The IEC 61511 standard provides guidance on SIS implementation within process industry applications. Whether preventing safety incidents due to overpressure or tank overfills, the correct operation of an SIS requires a series of equipment to function properly.
Sensors must be capable of detecting abnormal operating conditions such as high flow, low level, or incorrect valve positioning. A logic solver must make appropriate decisions based on information supplied by the sensor and change its outputs according to user-defined logic.
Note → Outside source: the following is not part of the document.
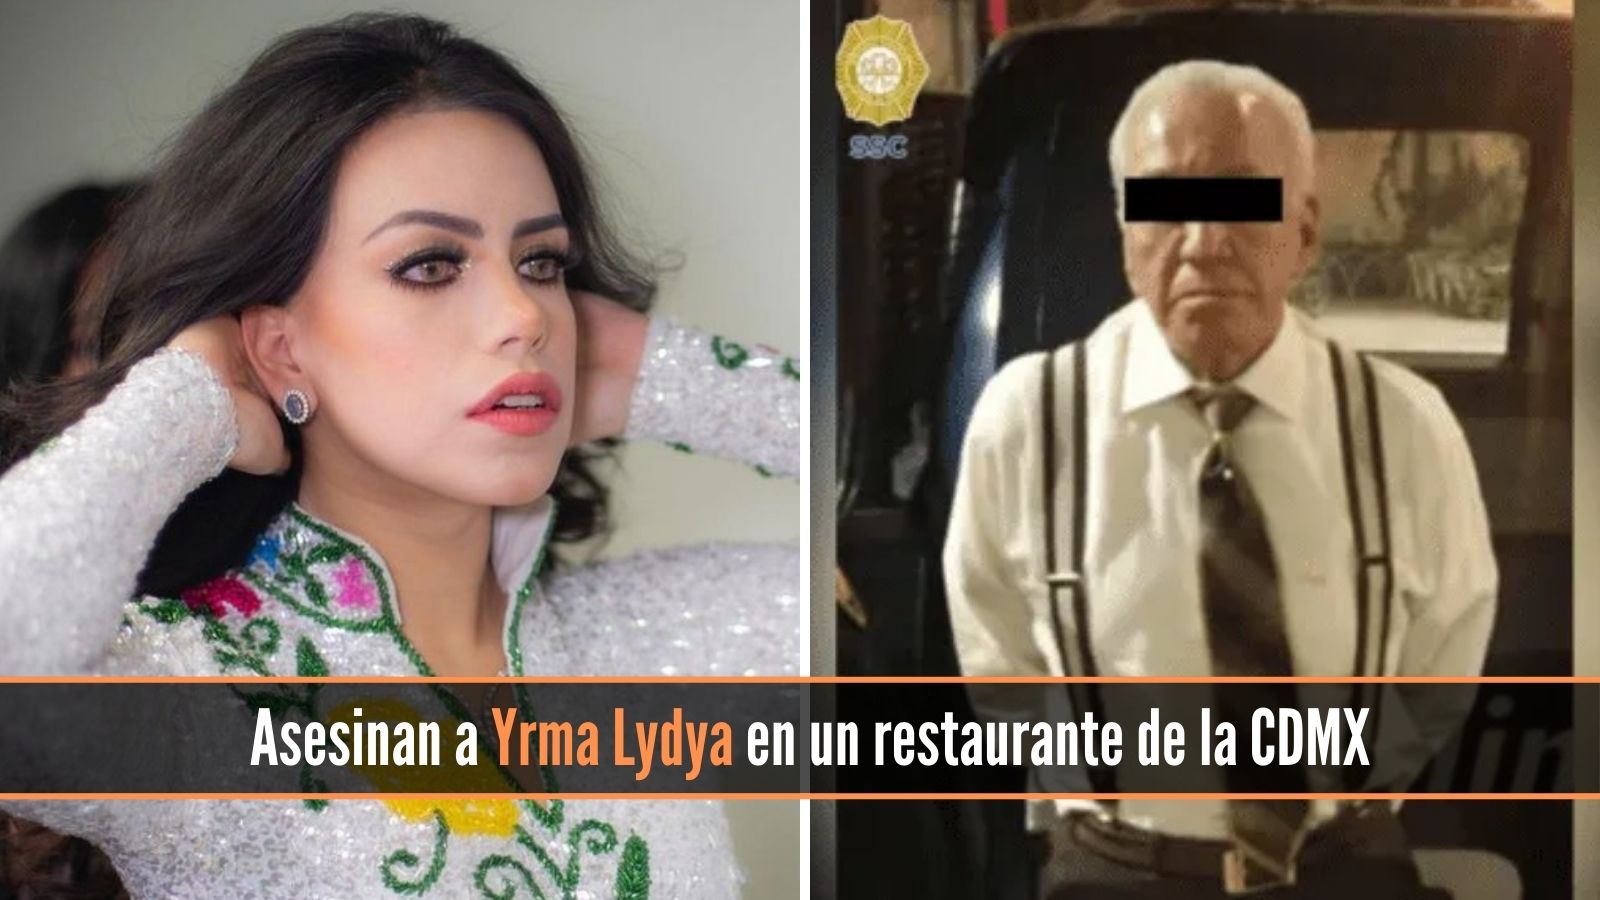 Asesinan a Yrma Lydya en un restaurante de la CDMX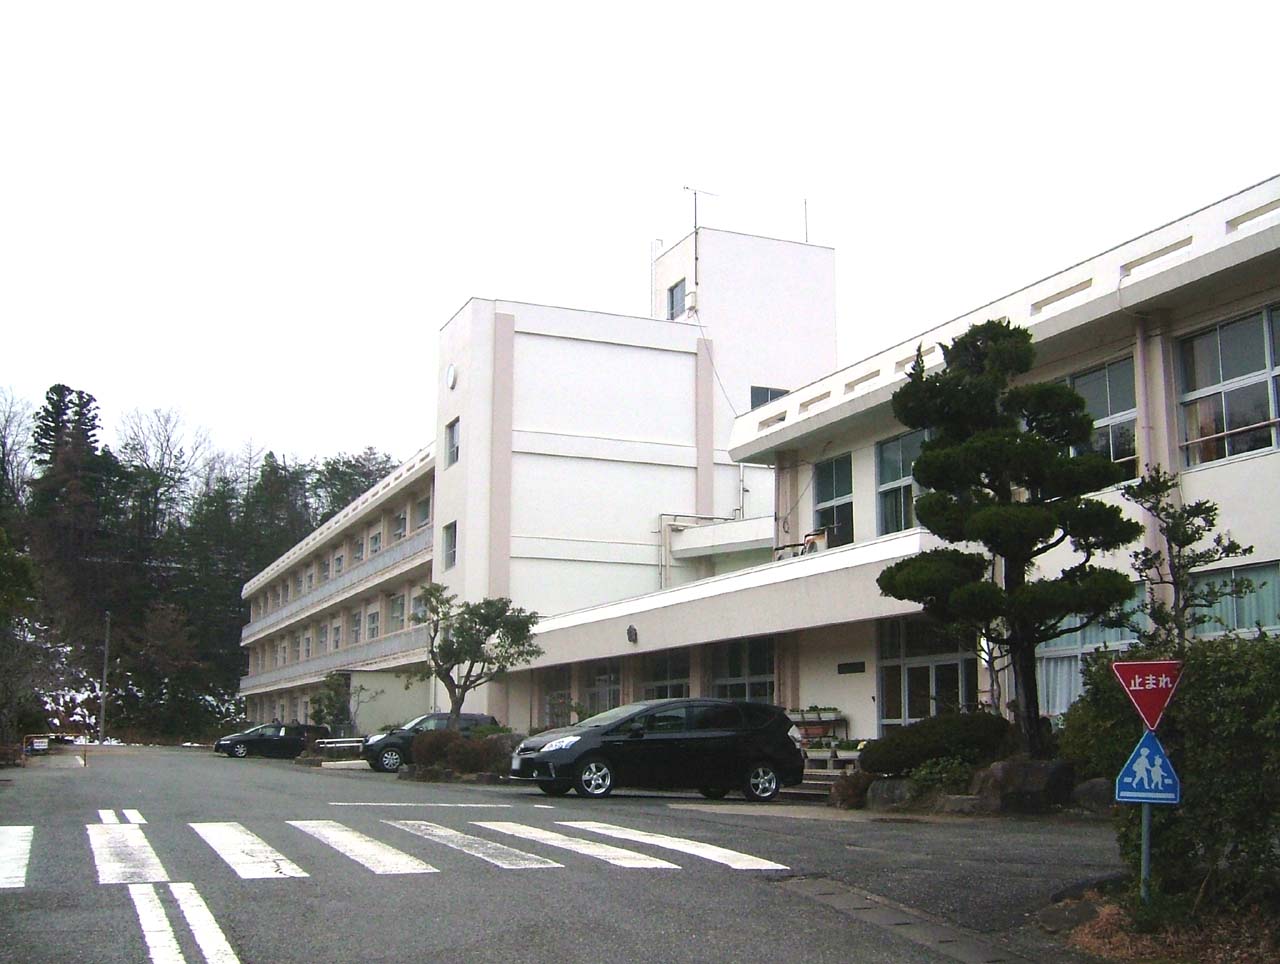 Primary school. Toyooka City Gosho to elementary school (elementary school) 2165m

The output results in the final element performing an action such as closing a valve to bring
the equipment or process to a safe state.
Designing an SIS
An SIS is designed to meet the characteristics of the facility and specific application. The system may be required to implement one or more SIFs, and these can be based on single or multiple signals. Thus, each SIS installation will vary significantly from one application
to the next.
The development and implementation of an SIS has always been a challenge because it requires tremendous effort to develop processes and procedures to meet every stage of the lifecycle.
Working with competent safety system design engineers is essential to ensure systematic failures – caused by poor specification or engineering – are reduced or eliminated. Once all the SIS requirements are determined and the safety integrity levels (SIL) of the SIF have been defined, the appropriate technology is chosen, and the SIS is installed and tested for functionality and operability.
SIS Projects
Although safety is the primary concern and correct implementation is critical, SIS projects come under the same scrutiny, in terms of cost and timescale, as other automation projects. There is pressure to manage project risk, capital costs and scheduling.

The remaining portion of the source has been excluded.